A disturbing new report which analyzed life insurance claims finds that adults between the ages of 35 and 44 are dying at twice their projected rate.
Other age groups see an unexpected upswing in deaths as well
According to The Epoch Times, the report was compiled by the Society of Actuaries using 2.3 million death claims submitted to 20 of America’s top life insurance companies.
It found that the number of death claims in July, August, and September 2021 for people in the age group in question was 100% higher than had been predicted.
However, they aren’t the only ones dying more frequently, as the report also found that deaths in the 25 to 34 age bracket saw a 78% upswing.
Meanwhile, deaths among people between the ages of 45 to 54 exceeded expectations by 80% while deaths of those aged 55 to 64 were 53% above baseline.
Although the report acknowledged that COVID-19 played a role in the mortality spike among middle-aged and elderly people, the picture looked different for those who were younger, with non-COVID excess deaths outstripping those of COVID-related ones.
Interestingly, 17 of the companies surveyed indicated that it was their policy to categorize a death as being COVID-related if the disease is mentioned anywhere on a death certificate.
What’s more, only eight said that they speak with a medical examiner and family members to try and ascertain the actual cause of a person’s death.
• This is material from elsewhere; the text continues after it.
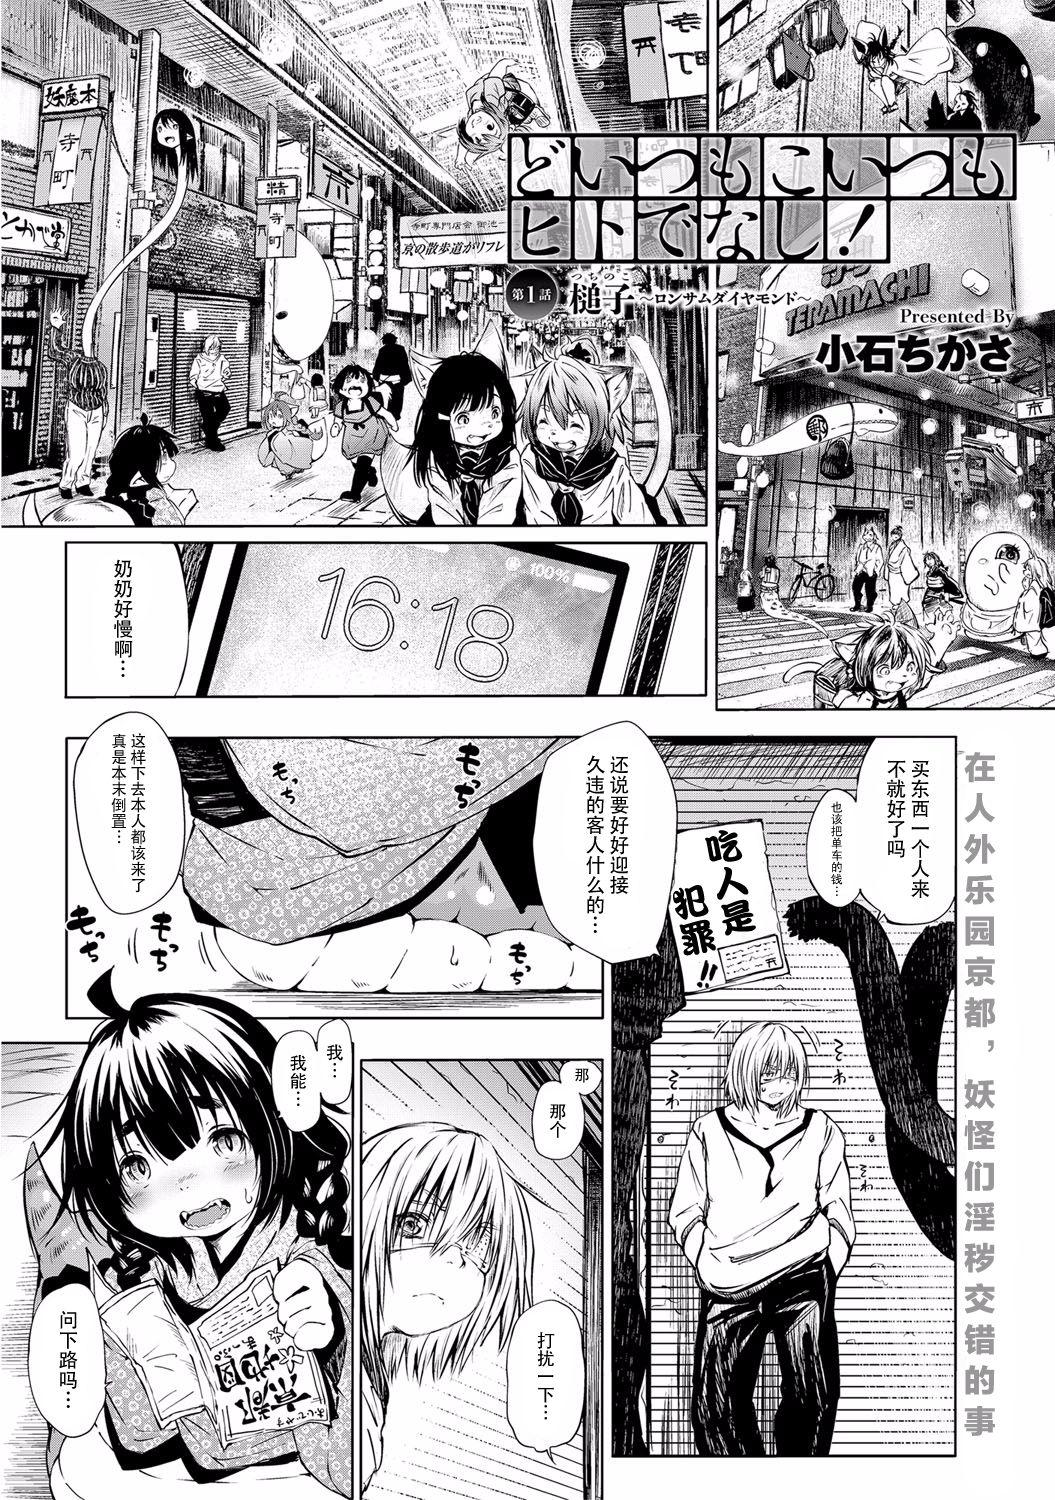 Safada Doitsu mo Koitsu mo Hito de Nashi! Ch. 1 - Tsuchinoko Bang Bros - Page 2

Just one company said it recorded COVID as being the primary cause of death only when a death certificate expressly said as much.
White collar office workers see the most significant jump in deaths
Also of note is that the increased death rate was most pronounced among white-collar office workers, including accountants, lawyers, and computer programmers.
Edward Dowd is a hedge fund manager who studies excess deaths, and he told the Times that the July, August, and September death upswing coincided with a push for people to receive COVID vaccines.
“Temporally, in that three-month period, the change was such that, there was something that occurred,” he said. “Well, we all know what occurred in August, September, and October. It was Biden’s mandates on Sept. 9, and a lot of corporations anticipating those mandates.”